Return-Free Filing: What are the benefits?
The primary benefit of a return-free system is the eased burden of tax compliance on taxpayers. Depending on the extent of changes made to the current U.S. income tax structure and administration to accommodate return-free filing, the requirement to file a final tax return could be eliminated for between approximately 8 million and 60 million taxpayers. Secondary benefits include the increased simplification that could accompany such a reform, and perhaps a lessened administrative burden on the Internal Revenue Service (IRS) and correspondingly lower federal expenditure for tax collection.
- For many taxpayers, the burden of filing any tax return may involve significant psychic or emotional costs, in addition to time spent and, for some, the cost of hiring a paid tax preparer. Thus, even if the vast majority of affected taxpayers already face relatively simple tax situations, a return-free system could still provide them significant benefits. However, because state income tax systems piggyback on the federal system, unless states also shifted to a return-free system, the reduction in filing and in psychic costs would likely be minimal.
- Although taxpayers participating in the return-free system would be spared the cost of preparing a final return, the net administrative savings might not be great. Of the 62.5 million taxpayers potentially eligible, over two-thirds (44.2 million) currently file the relatively simple 1040A and 1040EZ returns. Even under a return-free system, these taxpayers would still have to provide, on a regular basis, some of the same information (such as filing status and dependents’ identification) that they do now. Further, some administrative costs would merely be shifted from the taxpayers to their employers, other payers, and the IRS.

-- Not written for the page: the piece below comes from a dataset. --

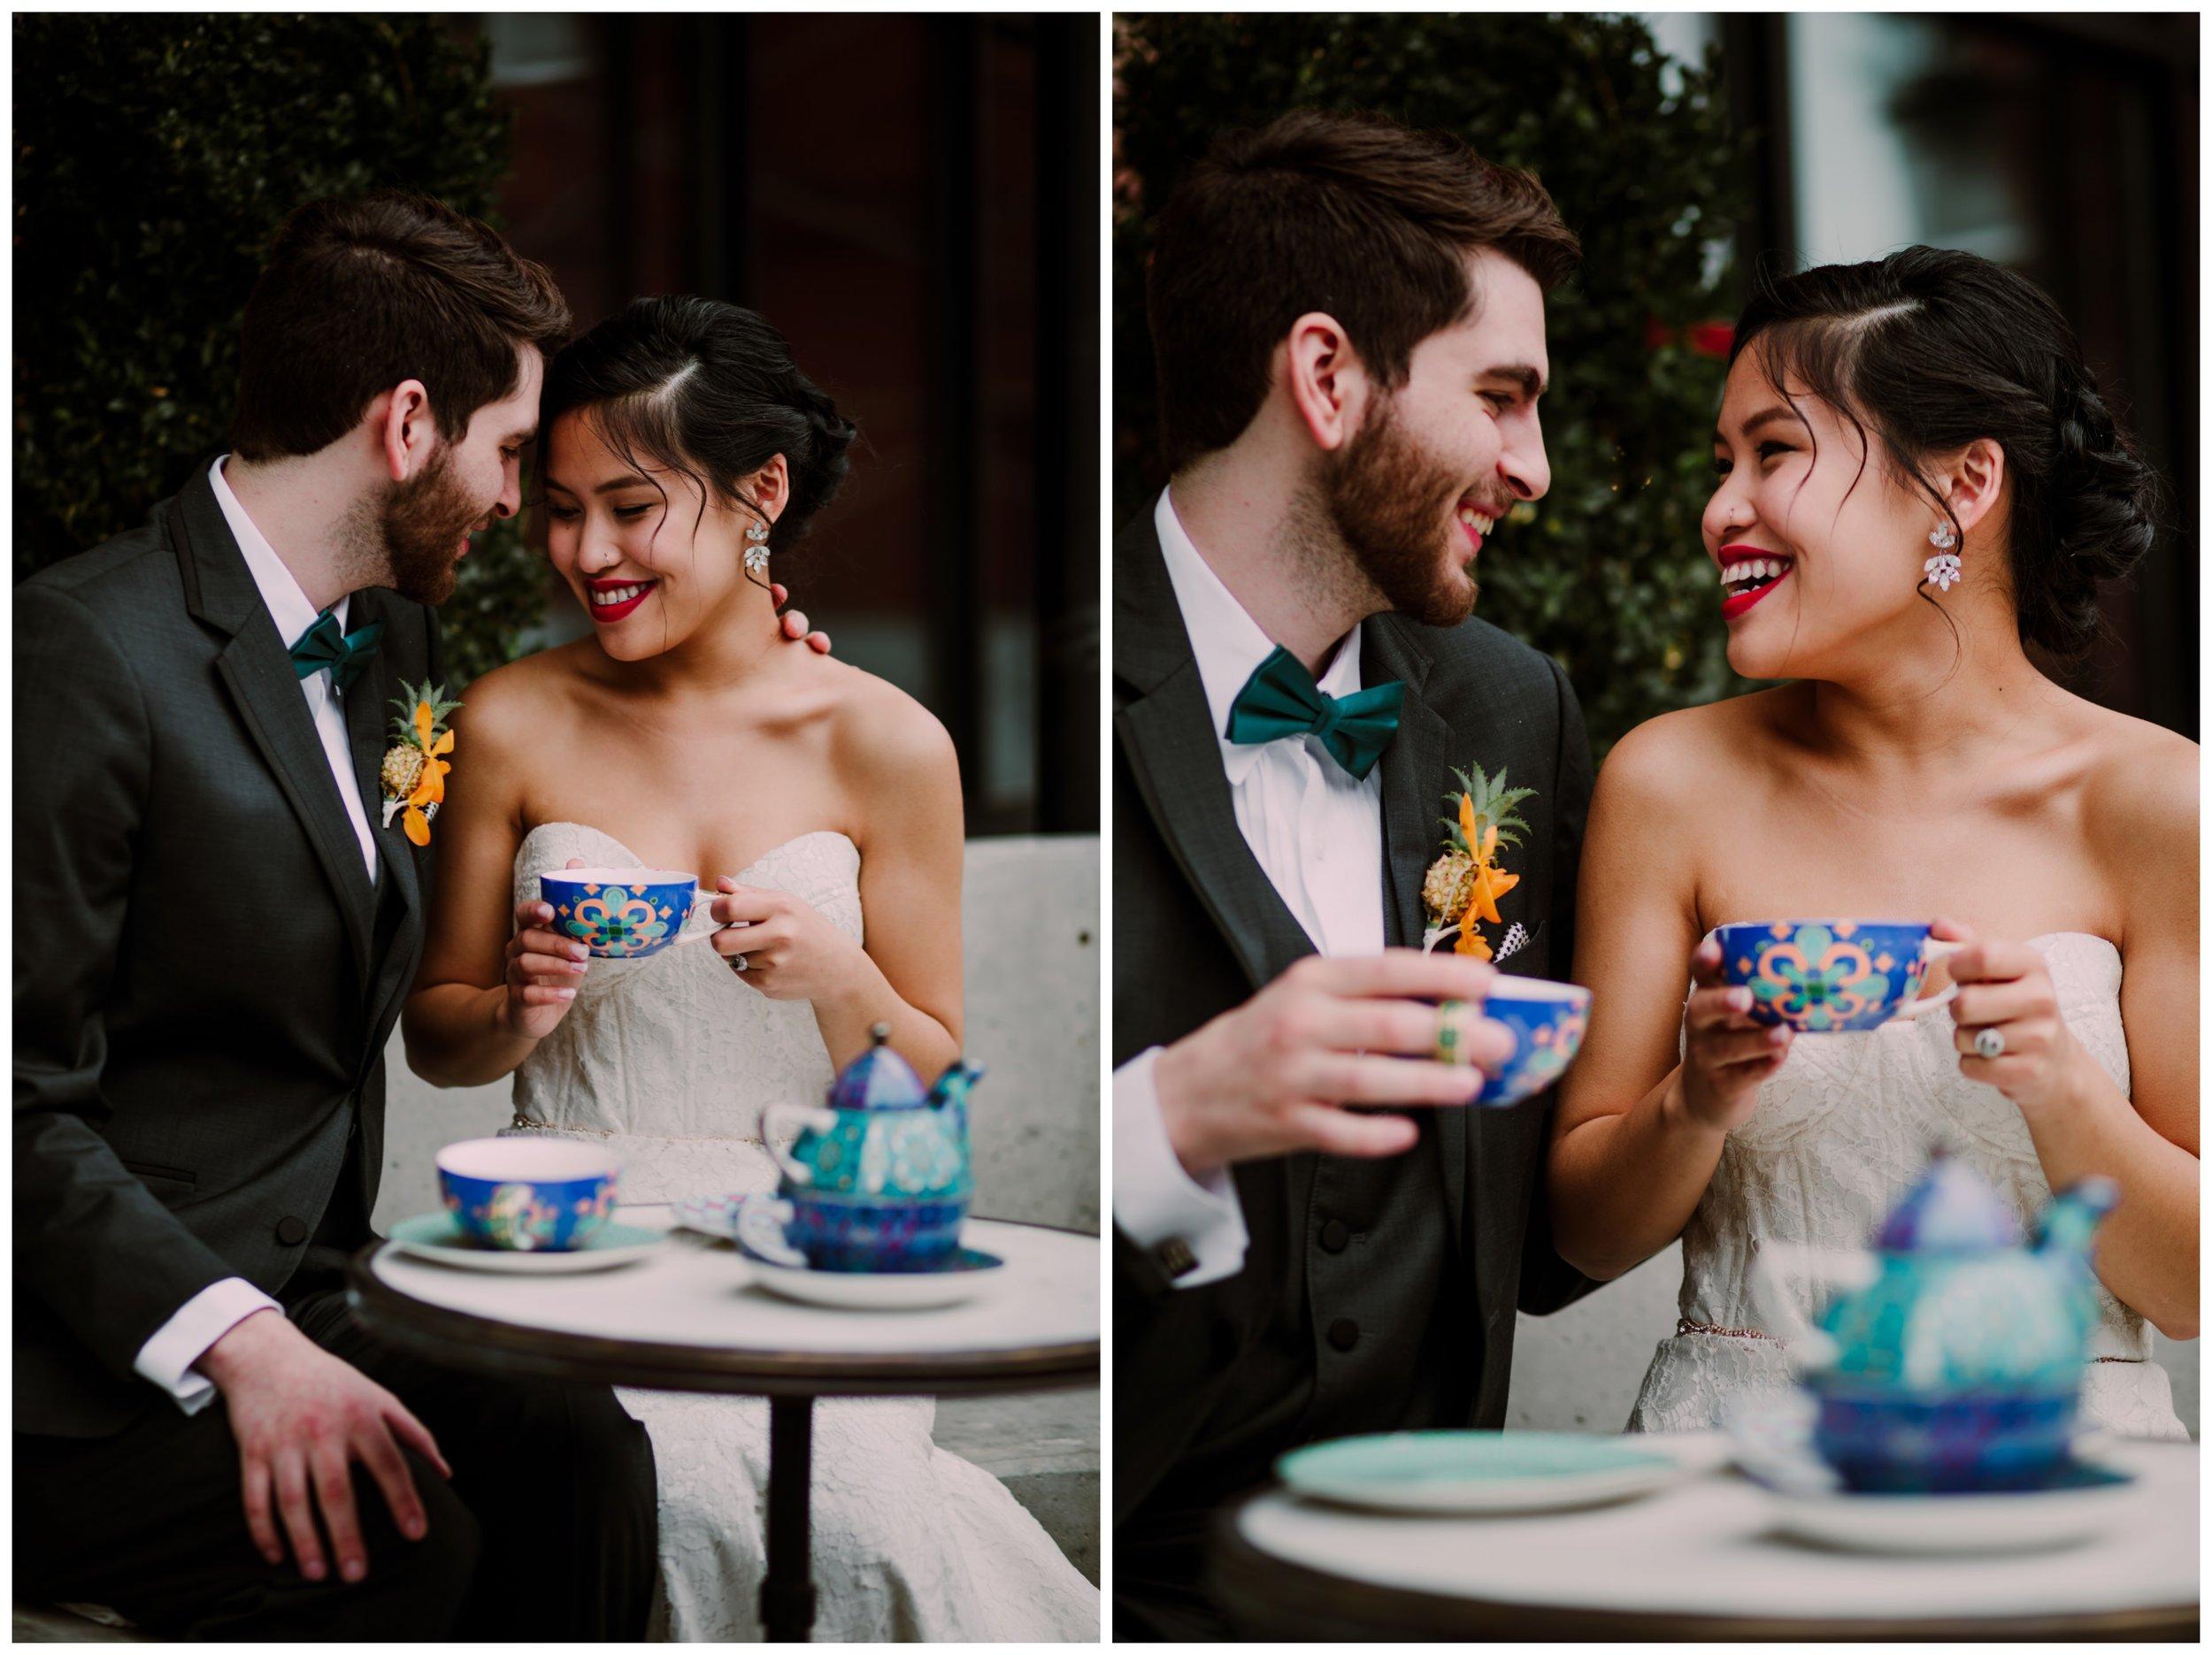 Williamsburg Hotel Wedding Feature on Catalyst Wedding Co.   Styled Shoot
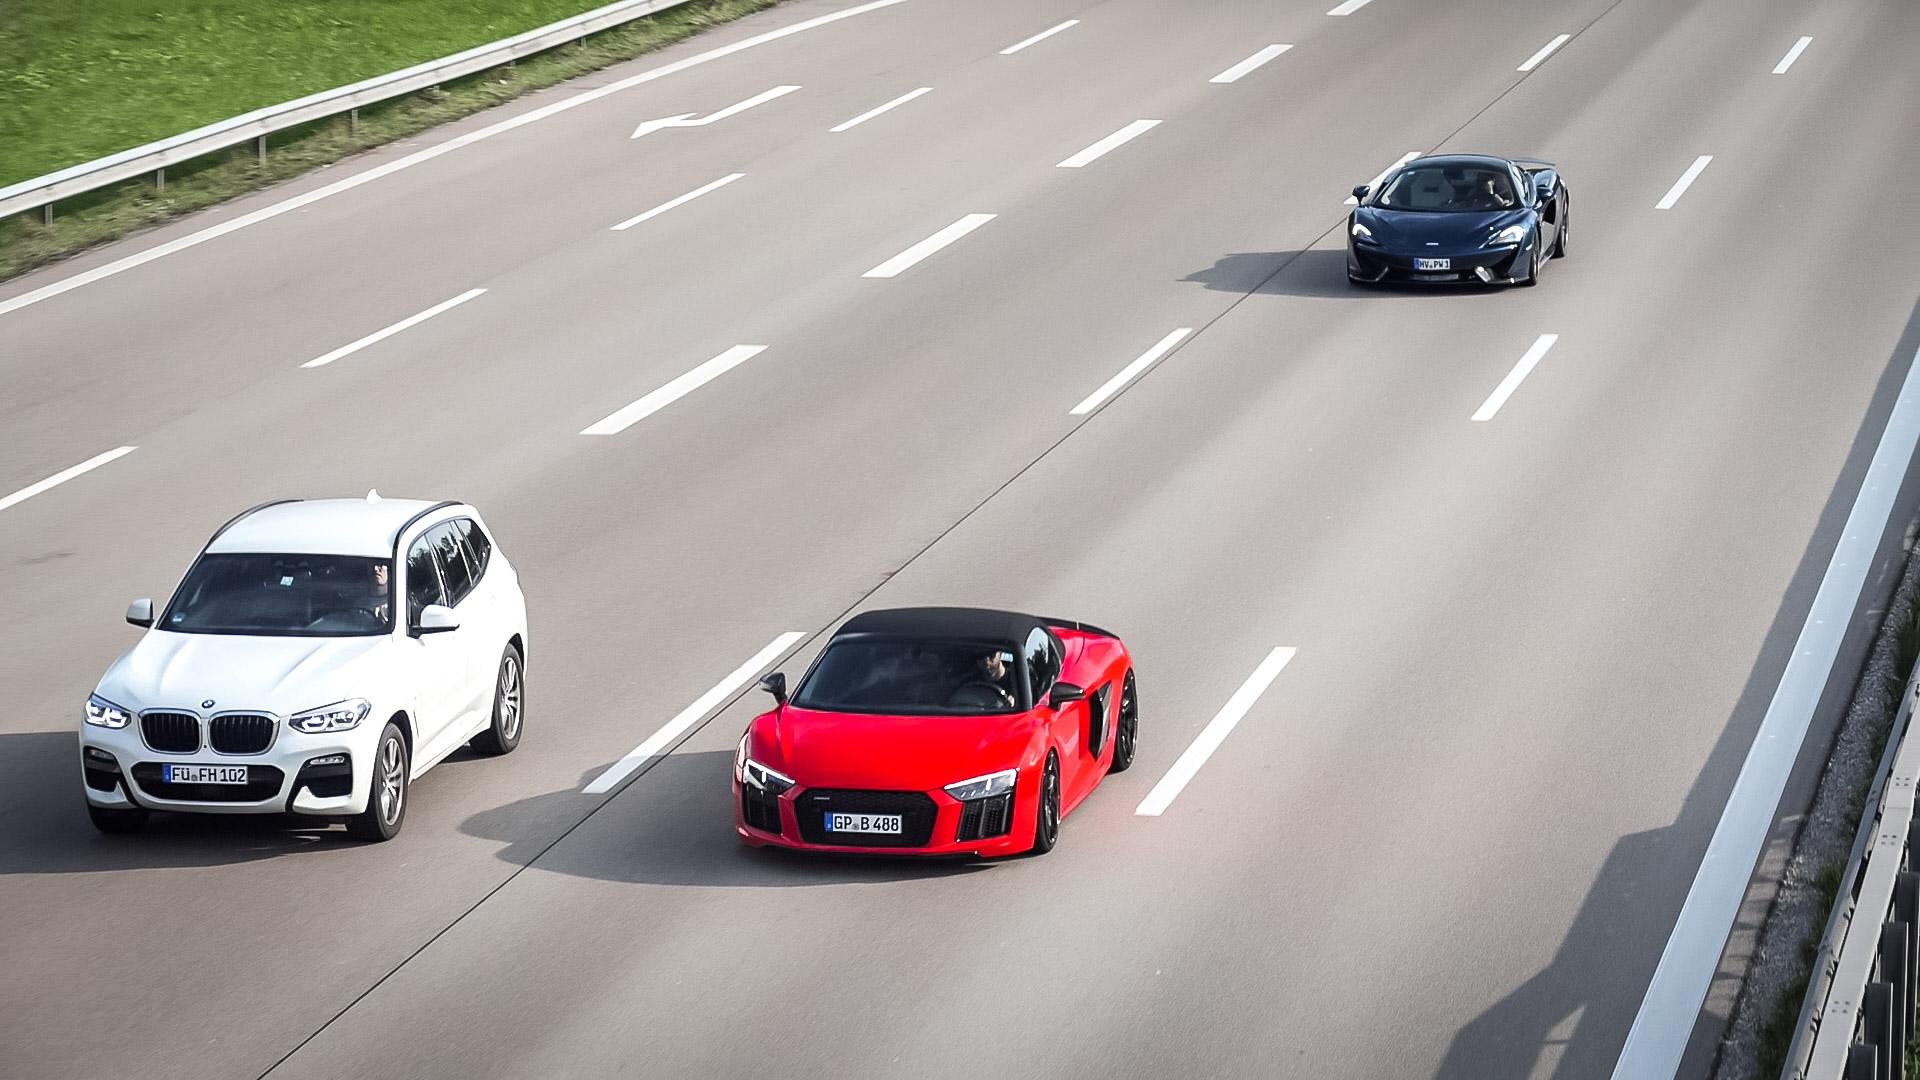 Audi R8 V10 Spyder - GP-B-488

- In a 1996 report, the U.S. General Accounting Office estimated that a tax agency reconciliation system could reduce the time spent preparing tax returns by as much as 155 million hours a year for 51 million taxpayers and reduce the IRS’s annual costs by up to $37 million. These estimates, however, do not take into account certain ways in which such a system might increase the administrative burden on taxpayers and the IRS. For example, 1 billion information reports would have to be filed earlier and processed much sooner by the IRS in order to complete returns by April 15 (with refunds to follow somewhat later). State income tax systems would also incur additional costs or delays.